I understand the mechanics of static polymorphism using the Curiously Recurring Template Pattern. I just do not understand what is it good for.
The declared motivation is:
We sacrifice some flexibility of dynamic polymorphism for speed.
But why bother with something so complicated like:
template <class Derived>
class Base
{
public:
void interface()
{
// ...
static_cast<Derived*>(this)->implementation();
// ...
}
};
class Derived : Base<Derived>
{
private:
void implementation();
};
When you can just do:
class Base
{
public:
void interface();
}
class Derived : public Base
{
public:
void interface();
}
My best guess is that there is no semantic difference in the code and that it is just a matter of good C++ style.
Herb Sutter wrote in Exceptional C++ style: Chapter 18 that:
Prefer to make virtual functions private.
Accompanied of course with a thorough explanation why this is good style.
In the context of this guideline the first example is good, because:
The void implementation() function in the example can pretend to be virtual, since it is here to perform customization of the class.
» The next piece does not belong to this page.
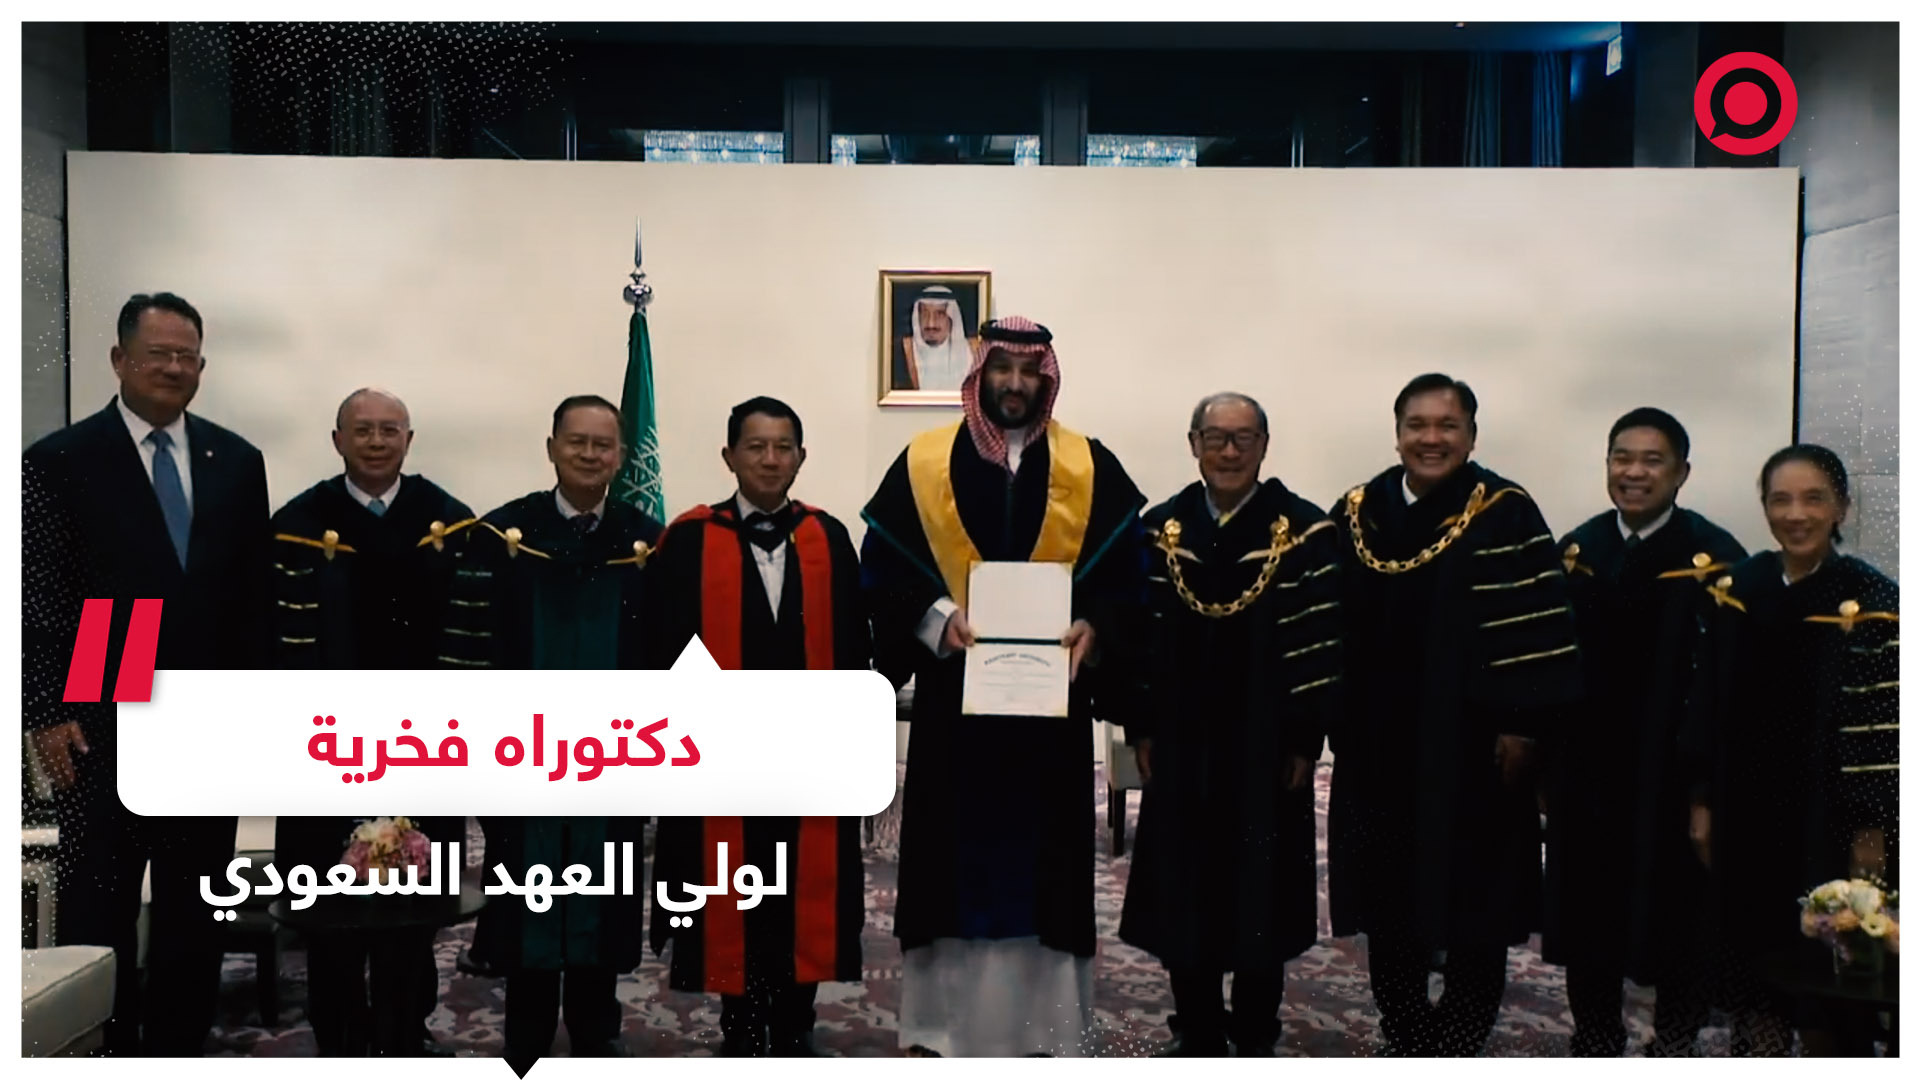 ولي العهد السعودي الأمير محمد بن سلمان يتسلم شهادة الدكتوراه الفخرية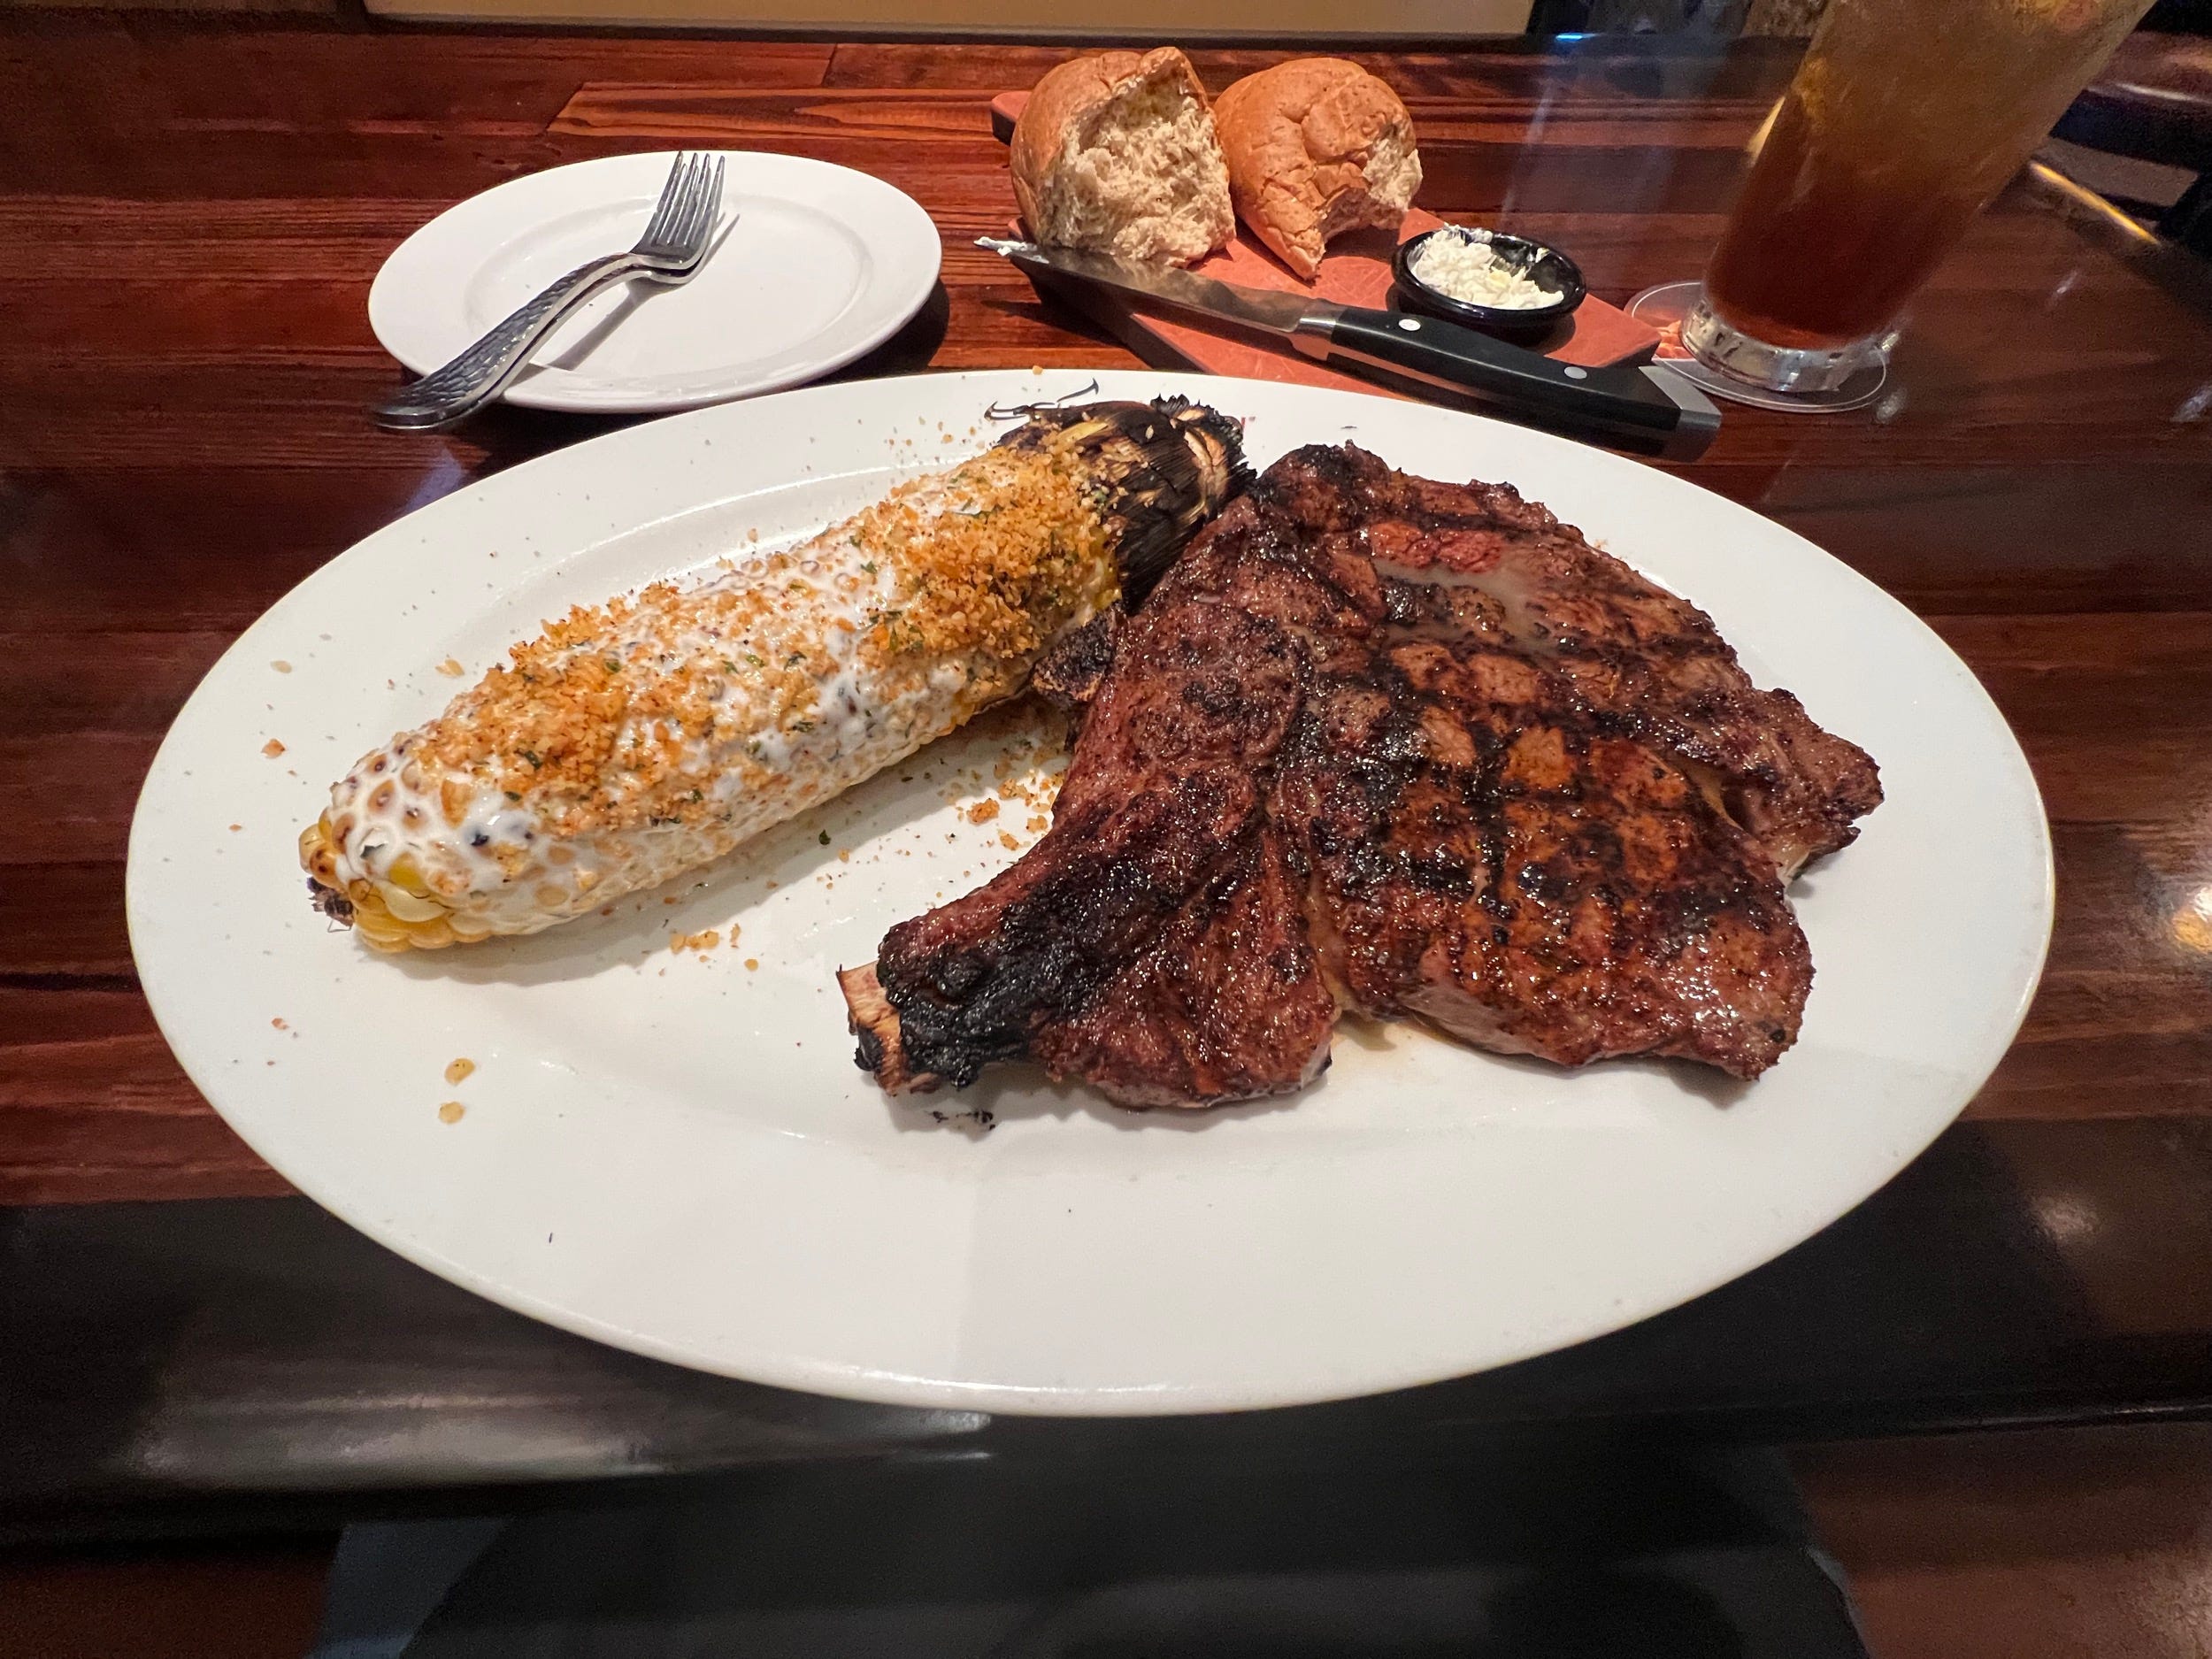 Ein Longhorn Steakhouse-Ribeye mit Knochen und einer Beilage Maiskolben

It therefore should be private.
And the second example is bad, since:
We should not meddle with the public interface to perform customization.
My question is:
What am I missing about static polymorphism? Is it all about good C++ style?
When should it be used? What are some guidelines?
What am I missing about static polymorphism? Is it all about good C++ style?
Static polymorphism and runtime polymorphism are different things and accomplish different goals. They are both technically polymorphism, in that they decide which piece of code to execute based on the type of something. Runtime polymorphism defers binding the type of something (and thus the code that runs) until runtime, while static polymorphism is completely resolved at compile time.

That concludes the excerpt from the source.